Re: 2.6.26-rc4: RIP __call_for_each_cic+0x20/0x50

From: Paul E. McKenney
Date: Wed May 28 2008 - 06:31:11 EST

Next message: Pascal Hambourg: "Re: Wired behaviour with IPv6 over PPP"
Previous message: Jens Axboe: "Re: 2.6.26-rc4: RIP __call_for_each_cic+0x20/0x50"
In reply to: Jens Axboe: "Re: 2.6.26-rc4: RIP __call_for_each_cic+0x20/0x50"
Next in thread: Jens Axboe: "Re: 2.6.26-rc4: RIP __call_for_each_cic+0x20/0x50"
Messages sorted by: [ date ] [ thread ] [ subject ] [ author ]

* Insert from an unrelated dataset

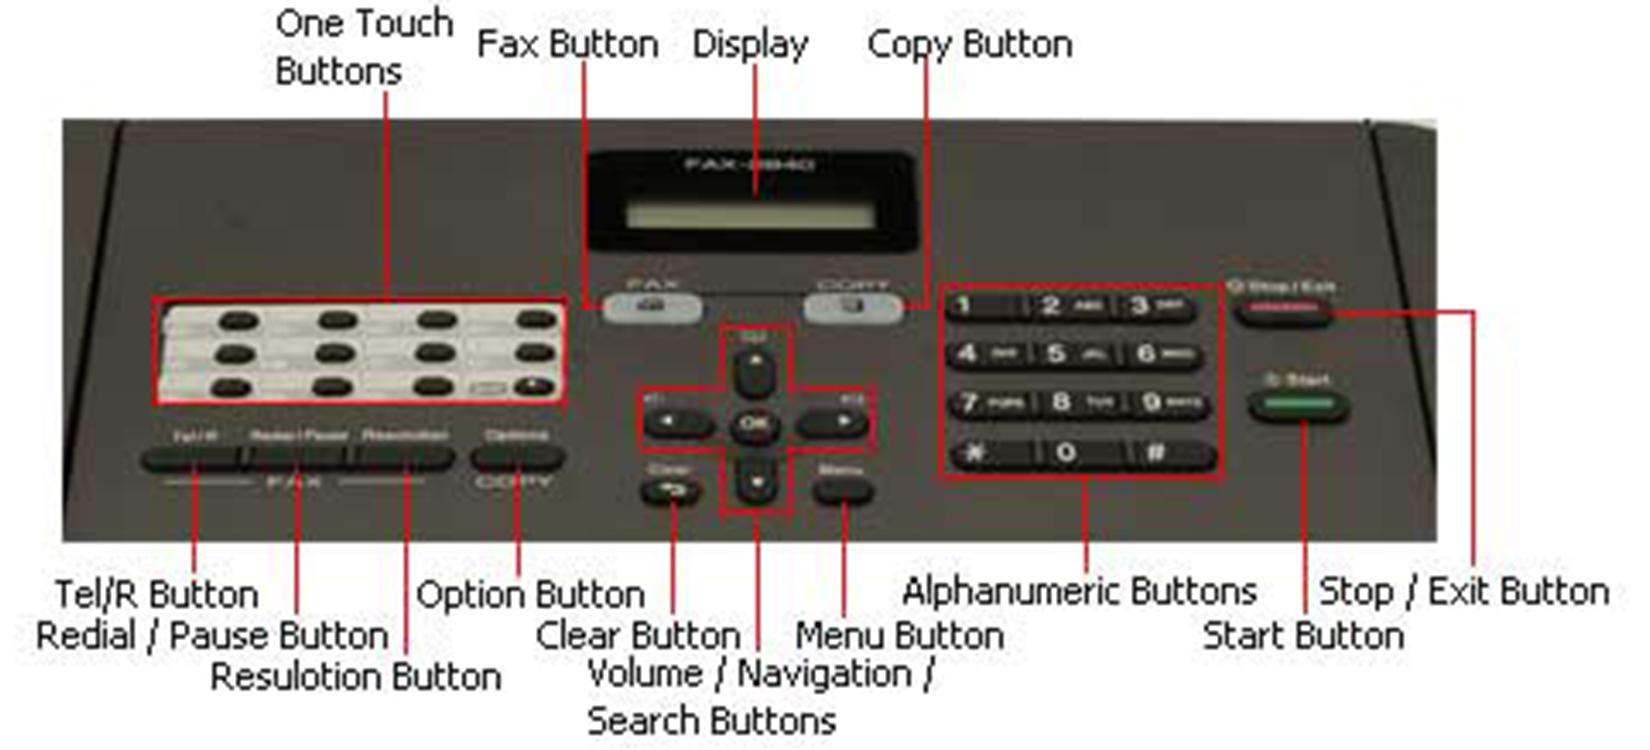 Mặt trước Máy Fax Brother 2840

On Wed, May 28, 2008 at 12:07:21PM +0200, Jens Axboe wrote:
> On Tue, May 27 2008, Paul E. McKenney wrote:
> > On Tue, May 27, 2008 at 03:35:10PM +0200, Jens Axboe wrote:
> > > On Tue, May 27 2008, Alexey Dobriyan wrote:
> > > > On Sat, May 10, 2008 at 02:37:19PM +0400, Alexey Dobriyan wrote:
> > > > > > > > > @@ -41,8 +41,8 @@ int put_io_context(struct io_context *ioc)
> > > > > > > > > rcu_read_lock();
> > > > > > > > > if (ioc->aic && ioc->aic->dtor)

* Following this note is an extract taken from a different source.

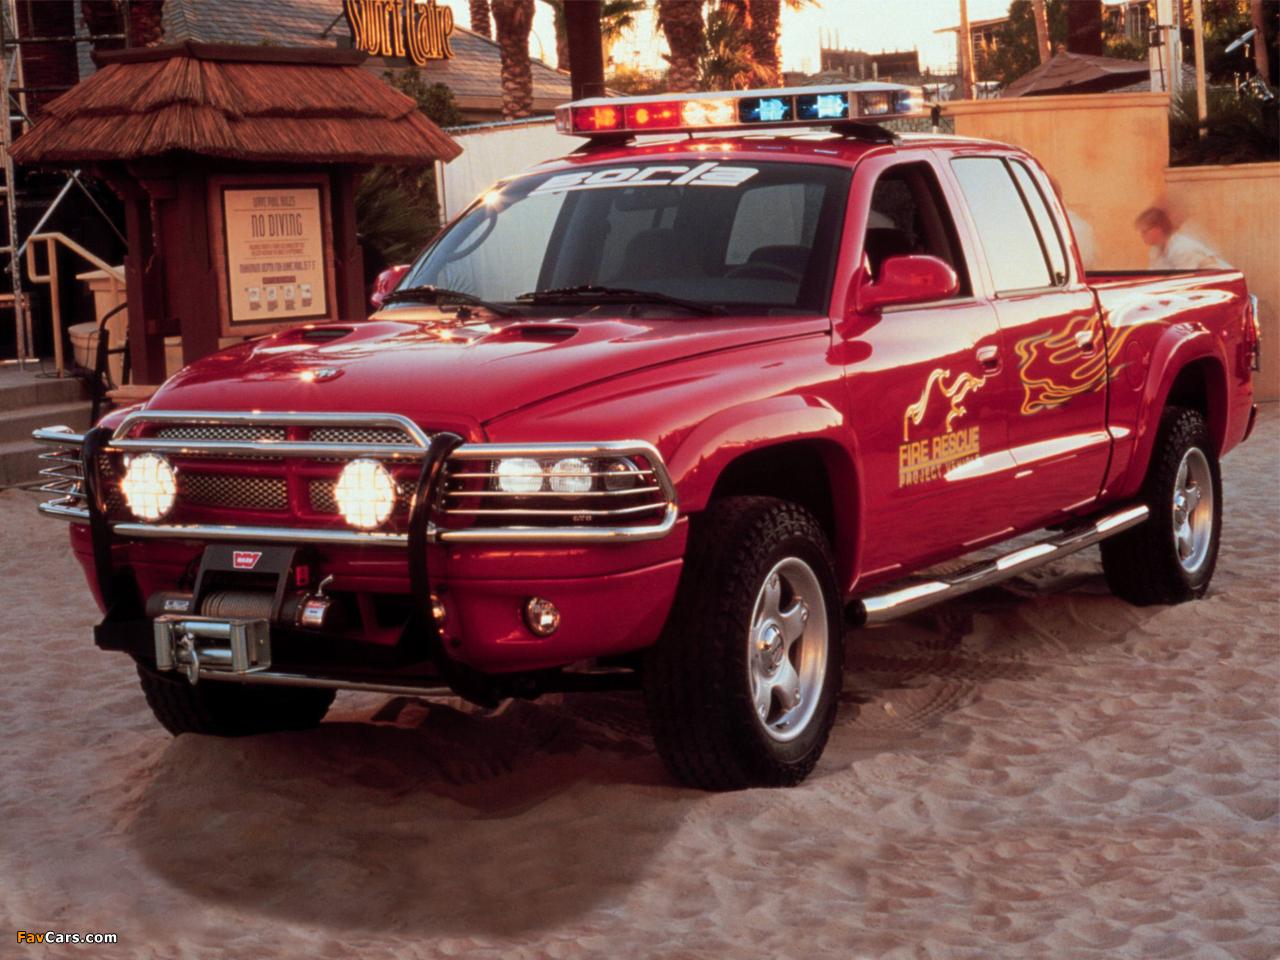 Dodge Dakota Quad Cab Fire Rescue Project Vehicle 2000 photos (1280 x 960)

> > > > > > > > > ioc->aic->dtor(ioc->aic);
> > > > > > > > > - rcu_read_unlock();
> > > > > > > > > cfq_dtor(ioc);
> > > > > > > > > + rcu_read_unlock();
> > > > > > > > >
> > > > > > > > > kmem_cache_free(iocontext_cachep, ioc);
> > > > > > > > > return 1;
> > > > > > > >
> > > > > > > > This helps in sense that 3 times bulk cross-compiles finish to the end.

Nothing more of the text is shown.